Do not worry which point gets the subscript of 1 and which gets the subscript of 2. Either way will get the same answer. Typically, we’ll just take them in the order listed. So, here is the slope for this part.

\[m = \frac{{1 - \left( { - 3} \right)}}{{3 - \left( { - 2} \right)}} = \frac{{1 + 3}}{{3 + 2}} = \frac{4}{5}\]

Be careful with minus signs in these computations. It is easy to lose track of them. Also, when the slope is a fraction, as it is here, leave it as a fraction. Do not convert to a decimal unless you absolutely have to.

Here is a sketch of the line.

The x-axis has tick marks at all integers from -2 to 4 and the y-axis has tick marks at all integers from -4 to 2.  There are points plotted and labeled at (-2,-3) and (3,1).  There is also a line connecting these two points graphed on the coordinate system.

Notice that this line increases as we move from left to right.

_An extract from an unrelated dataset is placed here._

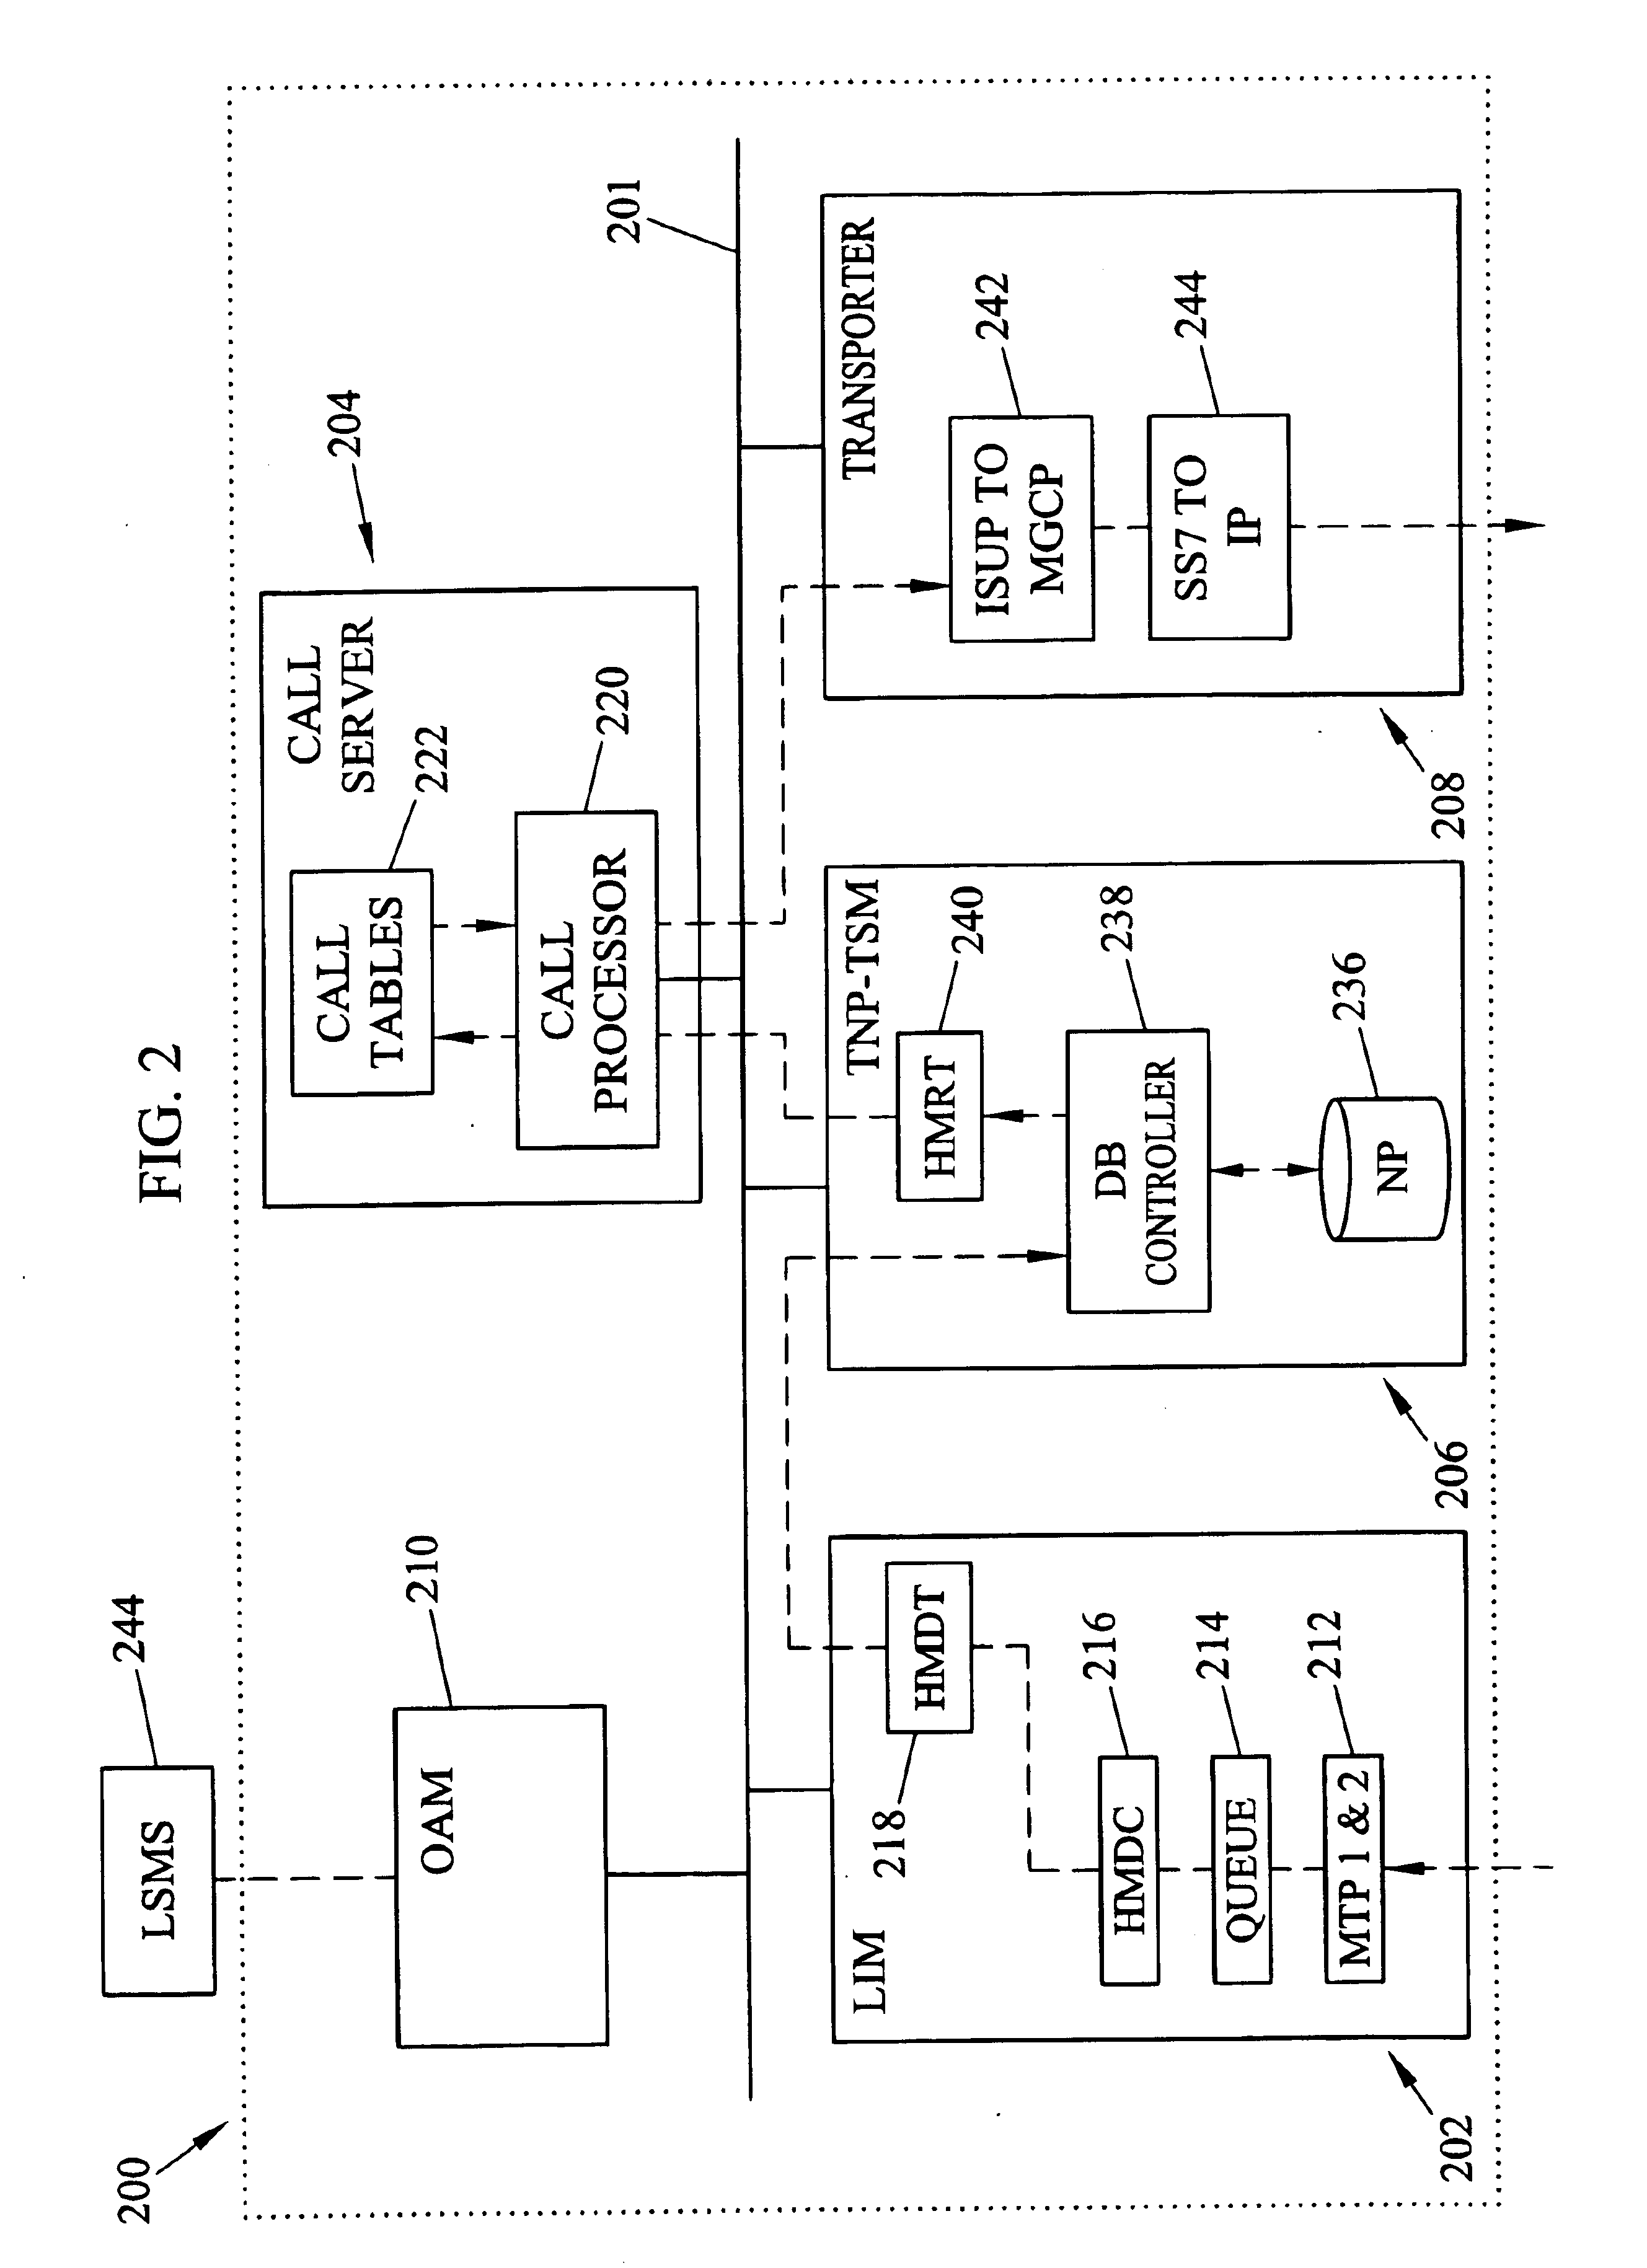 Methods and systems for improving trunk utilization for calls to ported numbers

b The line that contains the two points \(\left( { - 1,5} \right)\) and \(\left( {0, - 2} \right)\). Show Solution

Here is the slope for this part.

\[m = \frac{{ - 2 - 5}}{{0 - \left( { - 1} \right)}} = \frac{{ - 7}}{1} = - 7\]

Again, watch out for minus signs. Here is a sketch of the graph.

The x-axis has tick marks at all integers from -2 to 2 and the y-axis has tick marks at all integers from -2 to 4.  There are points plotted and labeled at (-1,5) and (0, -2).  There is also a line connecting these two points graphed on the coordinate system.

This line decreases as we move from left to right.


c The line that contains the two points \(\left( { - 3,2} \right)\) and \(\left( {5,2} \right)\). Show Solution

Here is the slope for this line.

\[m = \frac{{2 - 2}}{{5 - \left( { - 3} \right)}} = \frac{0}{8} = 0\]

We got a slope of zero here. That is okay, it will happen sometimes. Here is the sketch of the line.

The x-axis has tick marks at all integers from -4 to 6 and the y-axis has tick marks at all integers from -1 to 3.  There are points plotted and labeled at (-3,2) and (5, 2).  There is also a line connecting these two points graphed on the coordinate system.

In this case we’ve got a horizontal line.


d The line that contains the two points \(\left( {4,3} \right)\) and \(\left( {4, - 2} \right)\). Show Solution

The final part. Here is the slope computation.

\[m = \frac{{ - 2 - 3}}{{4 - 4}} = \frac{{ - 5}}{0} = {\mbox{undefined}}\]

In this case we get division by zero which is undefined. Again, don’t worry too much about this it will happen on occasion. Here is a sketch of this line.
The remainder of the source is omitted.